Today, purchasing is an important partner in product development and plays a key role in optimizing a company’s results. It has found its important strategic role within the company. The following article outlines the five biggest challenges that purchasing must overcome.
A clear strategy with professional purchasing planning
The most important goal of purchasing planning is to ensure a secure view of the future. While not all risks can be planned for, some can be, for example, if price increases are expected from suppliers due to higher wage agreements, or if quasi-monopolies form that make the procurement of raw materials and intermediate products more expensive. However, foreseeable currency fluctuations, corporate strategy, and the future product portfolio must also be taken into account.
However, some developments are unpredictable for purchasing. That is why professional purchasing always plans for at least three scenarios: best case, worst case, and realistic. After all, it is crucial for management to know whether changes in the sales strategy will entail risks to earnings and which products will see changes in margins.
A positive side effect of in-house purchasing planning is that it also improves planning reliability for suppliers and enables long-term partnerships.
A clear view of the facts
Purchasers need the right tools to work strategically and reduce costs in the long term. But to do this, they need a foundation: transparent data – right down to the document level. All too often, data is stored in different systems, from paper invoices and Excel files to SAP and other ERP systems. In order to change the cost situation and identify potential savings, the data used for strategic decisions must come from a single system. The keyword here is consolidated data. Only then can potential savings become visible, for example through volume bundling, raw material consolidation, and focusing on strategic suppliers. In addition, purchasing is then in a position to identify the causes of cost drivers: maverick buying, bottlenecks or surpluses in the use of framework agreements, incorrectly posted invoices, conversions from sample to series parts, implausible cost changes, or incomprehensible pricing.

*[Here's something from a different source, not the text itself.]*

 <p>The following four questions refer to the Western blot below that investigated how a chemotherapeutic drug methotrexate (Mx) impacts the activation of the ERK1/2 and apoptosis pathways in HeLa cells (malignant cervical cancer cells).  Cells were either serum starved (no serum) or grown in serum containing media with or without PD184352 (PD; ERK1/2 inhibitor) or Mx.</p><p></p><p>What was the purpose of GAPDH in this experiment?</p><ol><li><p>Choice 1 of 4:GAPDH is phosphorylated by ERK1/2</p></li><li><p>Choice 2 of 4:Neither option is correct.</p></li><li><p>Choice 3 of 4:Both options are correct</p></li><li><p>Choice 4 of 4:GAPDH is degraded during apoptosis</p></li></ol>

Current events require a quick response
Political crises, rapidly rising raw material prices, collapsing exchange rates, suppliers going bankrupt – for purchasing, this means reacting quickly! Optimal data and information management is the key factor for success here, because manual processes can mean a critical loss of time. That’s why all relevant information must be available in real time. And that means from all locations, in all currencies used (including foreign currencies), and from the various ERP systems.
Big Data Management
In complex, international corporate hierarchies, procurement often still takes place locally, without the central purchasing department being informed about all activities. This results in thousands of purchasing transactions every day in international corporations, with correspondingly large savings potential. It is therefore important to harmonize data, for example, part numbers, supplier numbers, and product group structures. Only when purchasing is able to capitalize on this data can significant competitive advantages be achieved.

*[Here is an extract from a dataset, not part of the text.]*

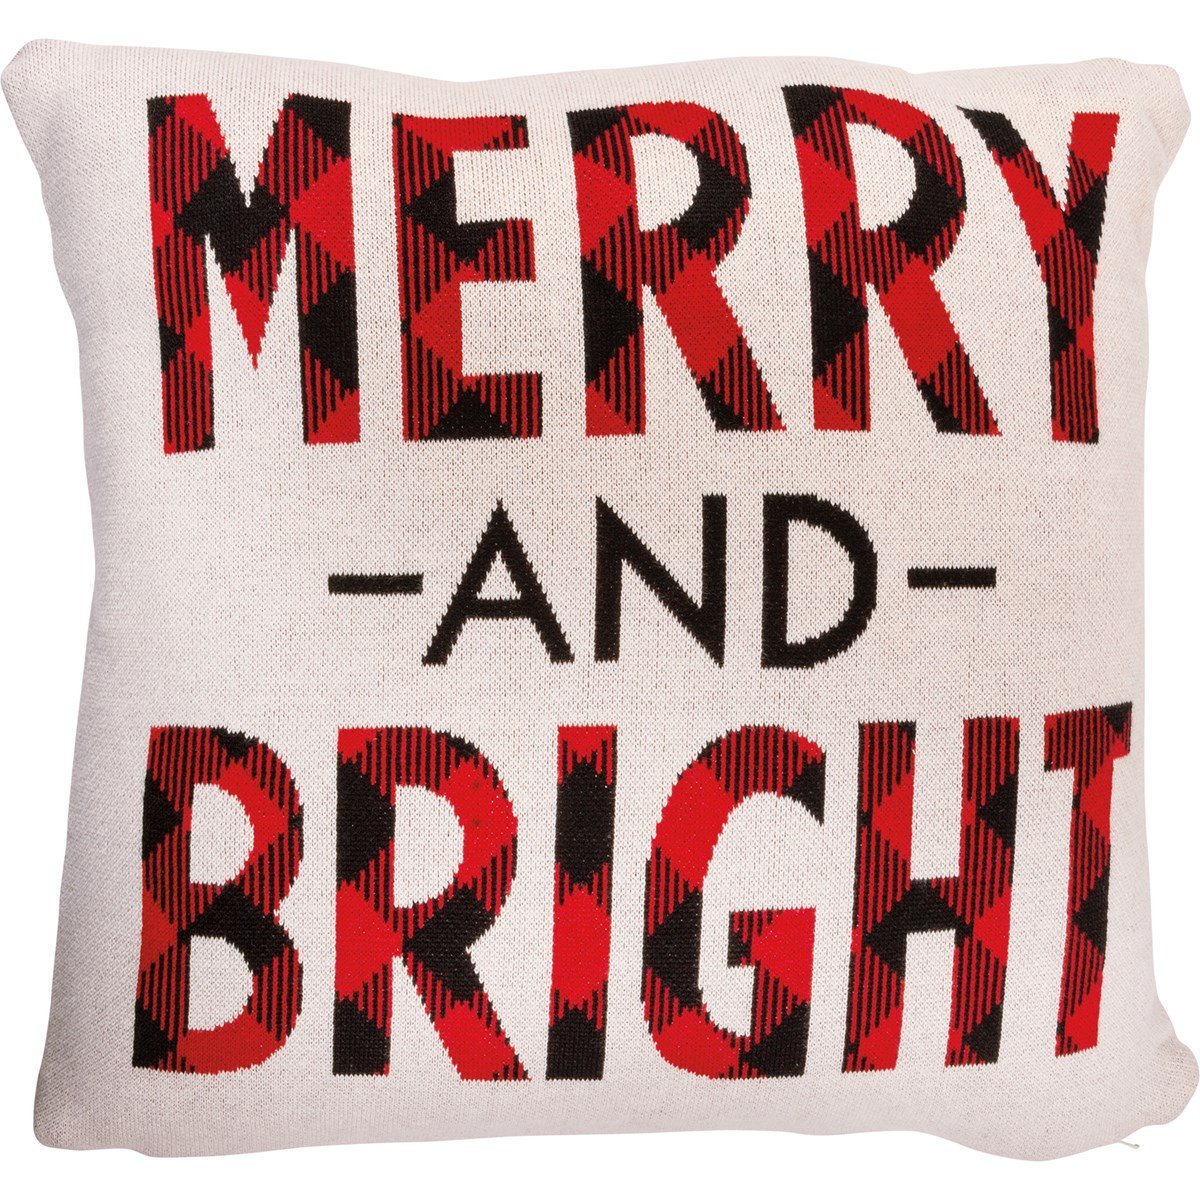 Knit Merry & Bright Pillow

The new role of the purchaser
Purchasers have new tasks: they are no longer cold-blooded negotiation professionals who push suppliers to the brink of profitability and process orders when there are no negotiations pending. Tomorrow’s purchasers are networkers and have a place in product development. They have a seat at the table during meetings on new products and innovations so they can contribute their knowledge of supplier products.
Of course, strong negotiating skills are still essential. In their new role, however, they also need to be able to recognize innovations and have comprehensive language skills so they can operate internationally. The use of tools for optimal presentations is simply part of the new role of the purchaser. Dashboards integrated into the purchasing control system are particularly helpful here, as they analyze data quickly and easily and present the results in a graphical format that is suitable for management.